The DATACOM DUMP statement can be used as a debugging tool for SQL Procedures. This statement causes requested information to be dumped to a specified file and marked by a header and footer as shown in the first and last lines in the example in Example. The plan name that is shown in the dump report matches the SQL-name of your procedure.
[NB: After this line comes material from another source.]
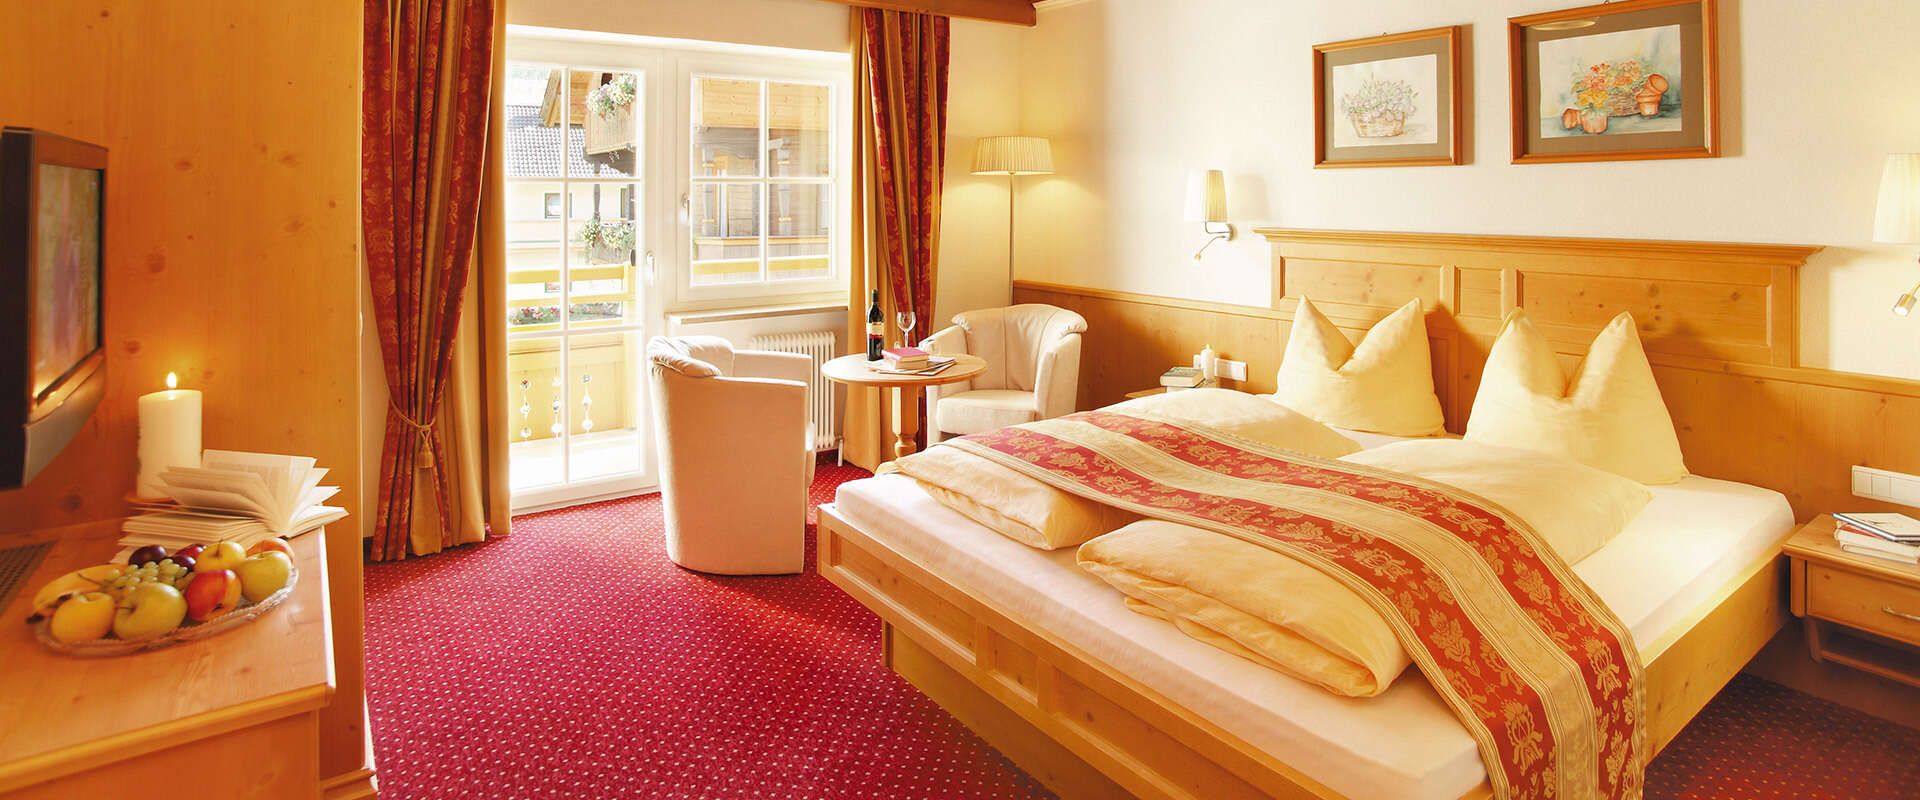 Komfortzimmer im Hotel Alpenherz, Tirol

►►─ DATACOM DUMP ─ dumpable-expression-list ─ TO PXXSQL ──────────────────────►◄

Expansion of Where dumpable-expression-list is defined as

   ┌─ , ──────────────────────┐
├──▼─┬─ SQL-variable-names ─┬─┴────────────────────────────────────────────────┤
     ├─ parameter-names ────┤
     ├─ special-registers ──┤
     ├─ literals ───────────┤
     └─ scalar-functions ───┘
dumpable-expression-list

A list, separated by commas, of SQL-variable-names, parameter-names, special-registers, literals, and scalar-functions.

TO PXXSQL

PXXSQL is the destination supported by the DATACOM DUMP statement. TO PXXSQL causes output to go to the PXX location to which SQL output is sent. The destination of SQL output is either specified using the Multi-User startup option SYSOUT (see the CA Datacom/DB Database and System Administration Guide) or allowed to default.

SQL-variable-names

The SQL-variable-names is the name of a variable that is declared within a compound statement inside a SQL Procedure (a LANGUAGE SQL procedure). If the name conflicts with (matches) another SQL variable name from a nested compound statement (for example, a condition handler), or an SQL parameter name, or a column contained within a referenced table or view, the SQL variable name should be qualified using the start-label of the compound statement that immediately contains it.

parameter-names

The parameter-names variable refers to any parameter in your procedure.

special-registers

For information about special registers.

literals

For information about literals, see literals.

scalar-functions

For information about scalar functions, see scalar functions.

Note: When using scalar functions, operands can include SQL variables and parameters but not column names. Fetching the value of a column into a variable is a suggested way to use a scalar function.